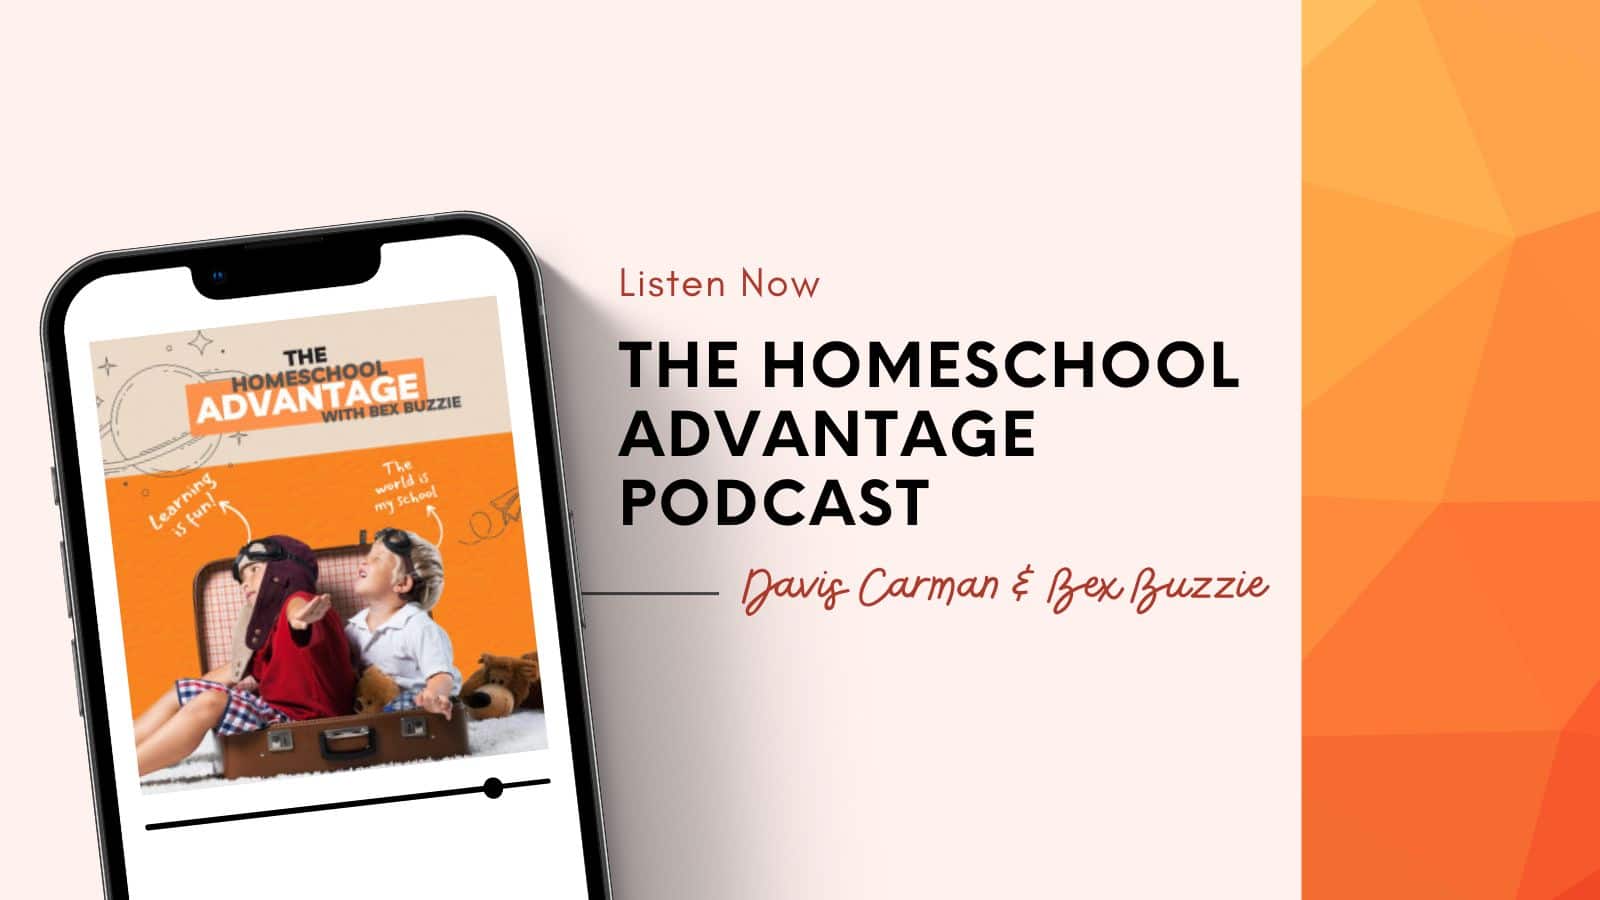 The Homeschool Journey is Worth Taking
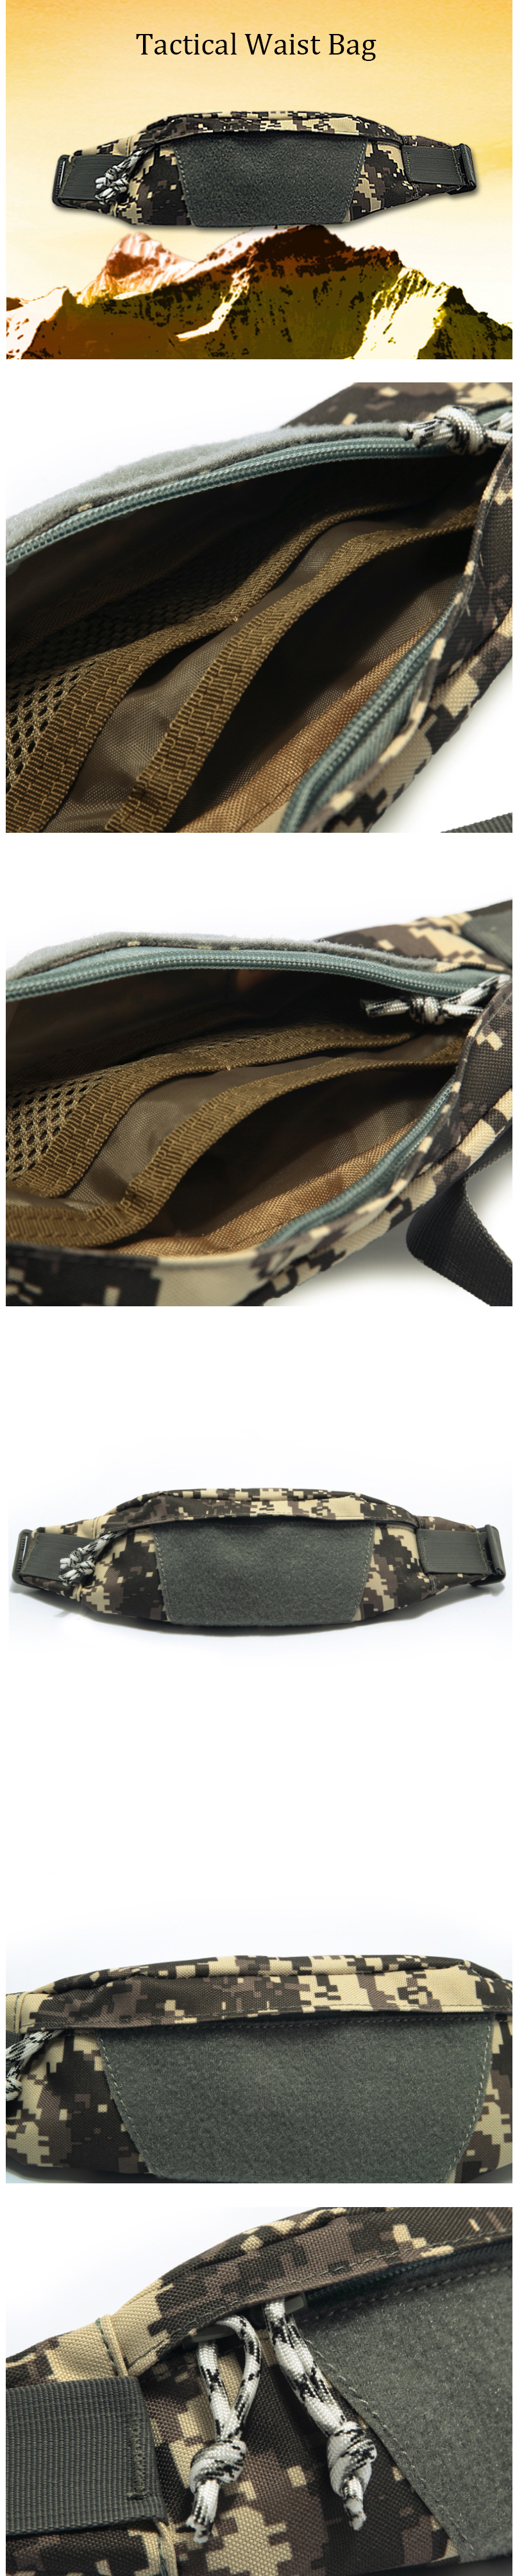 Camouflage-Tactical-Waist-Bag-Cross-Bag-Tactical-Waist-Bag-Outdoor-Fitness-Leisure-Bag-1568909-1
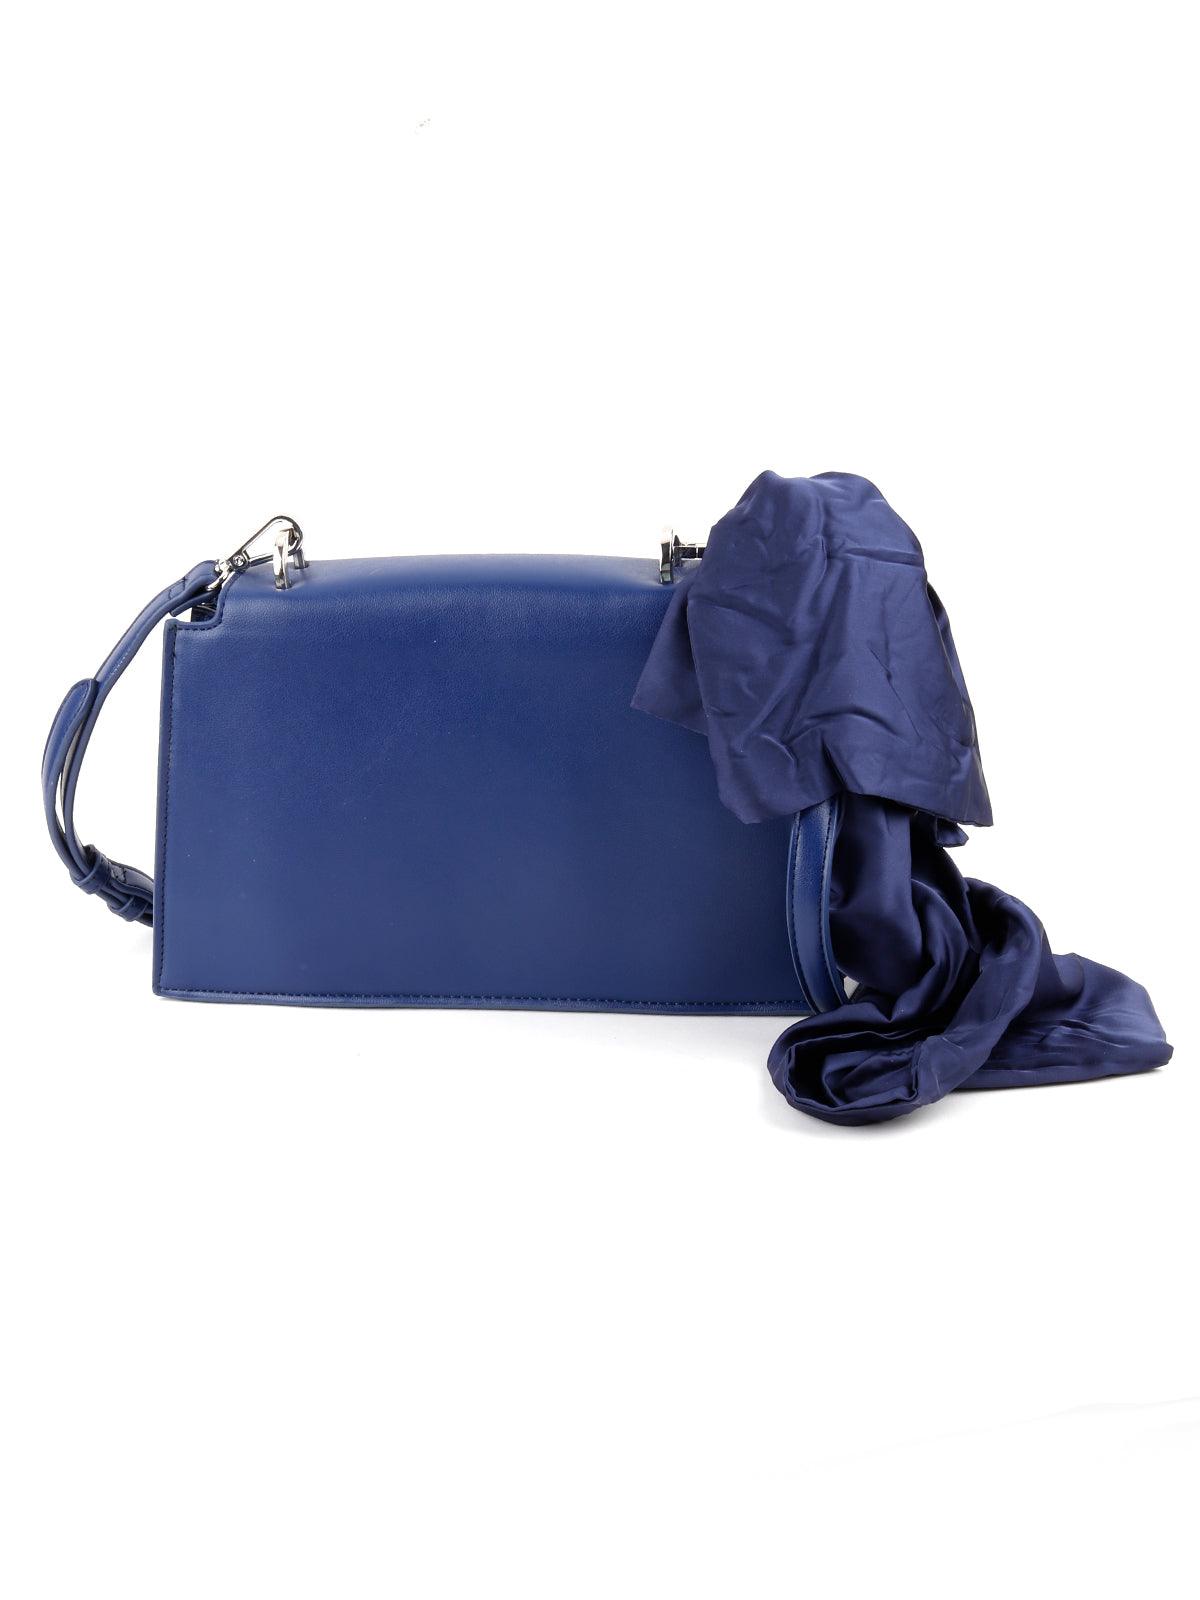 Bluish Purple Leather Bag - Odette
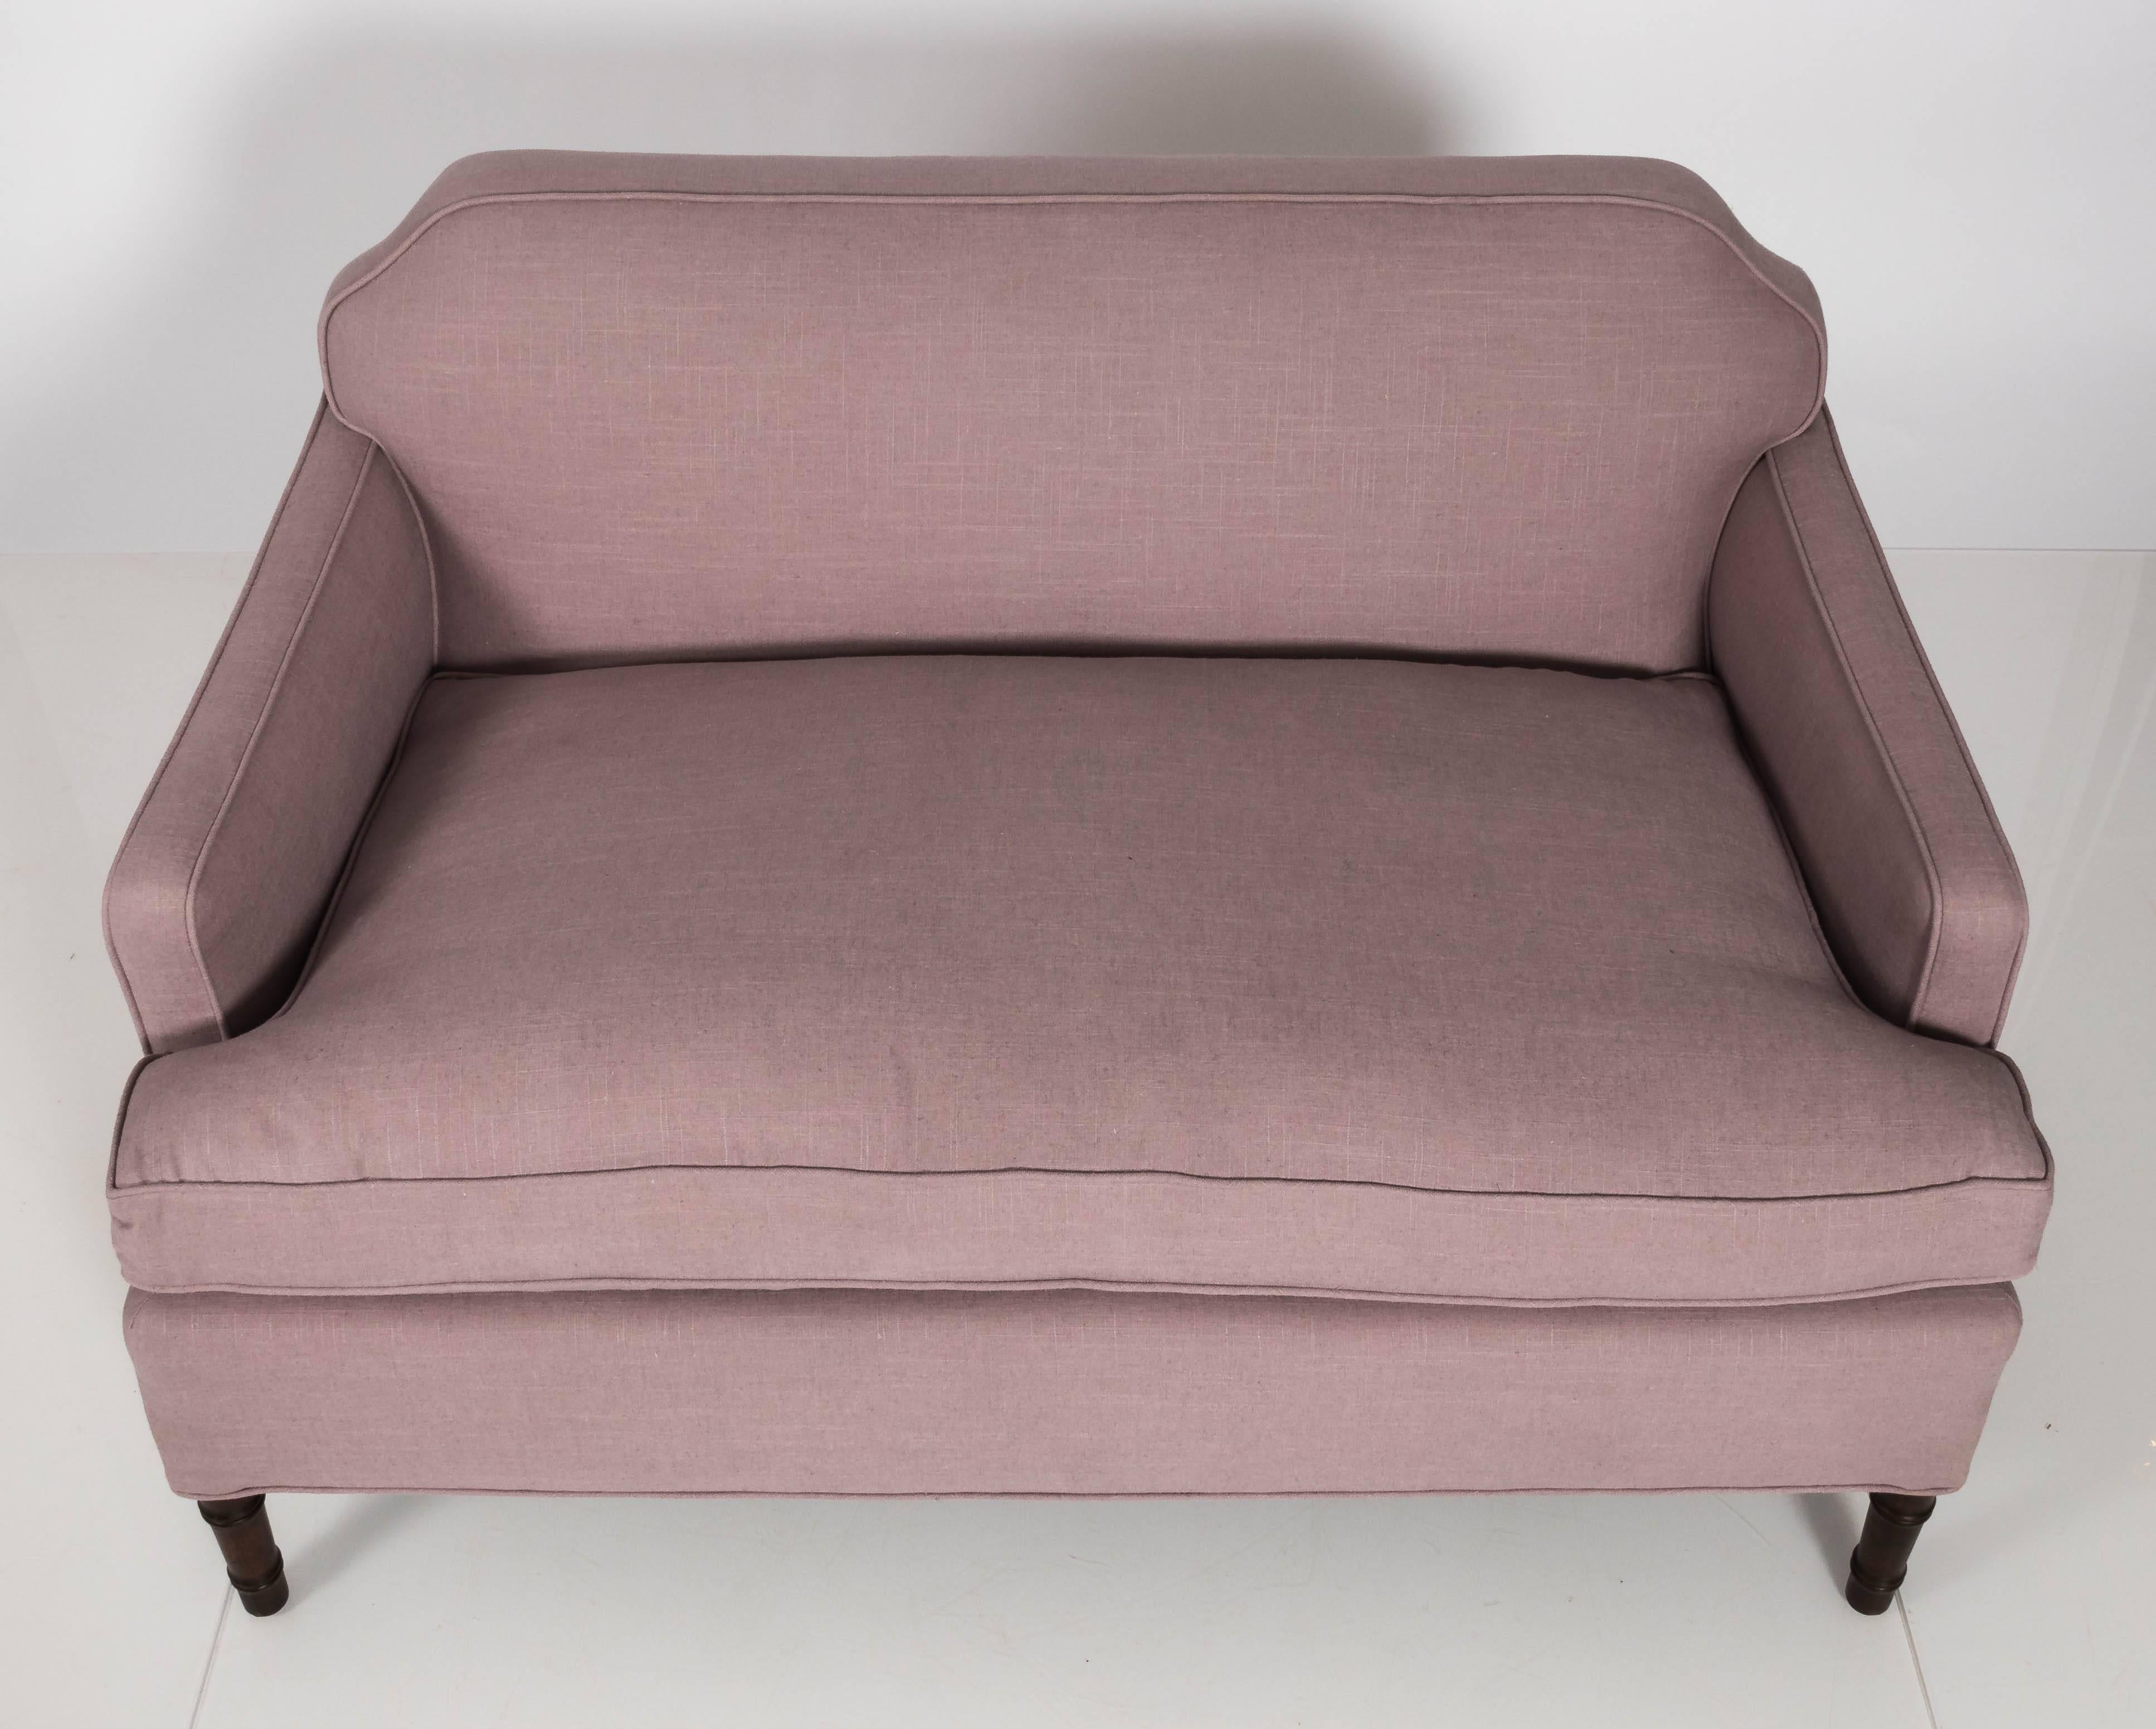 Chinoiserie Bamboo Leg Newly Upholstered Small Sofa

--------------------------------------------------

## Work required
Restate the material above exactly. Exclude all pictures.

## Output for this task
 The Homeschool Journey is Worth Taking
 Camouflage-Tactical-Waist-Bag-Cross-Bag-Tactical-Waist-Bag-Outdoor-Fitness-Leisure-Bag-1568909-1
 Bluish Purple Leather Bag - Odette
 Chinoiserie Bamboo Leg Newly Upholstered Small Sofa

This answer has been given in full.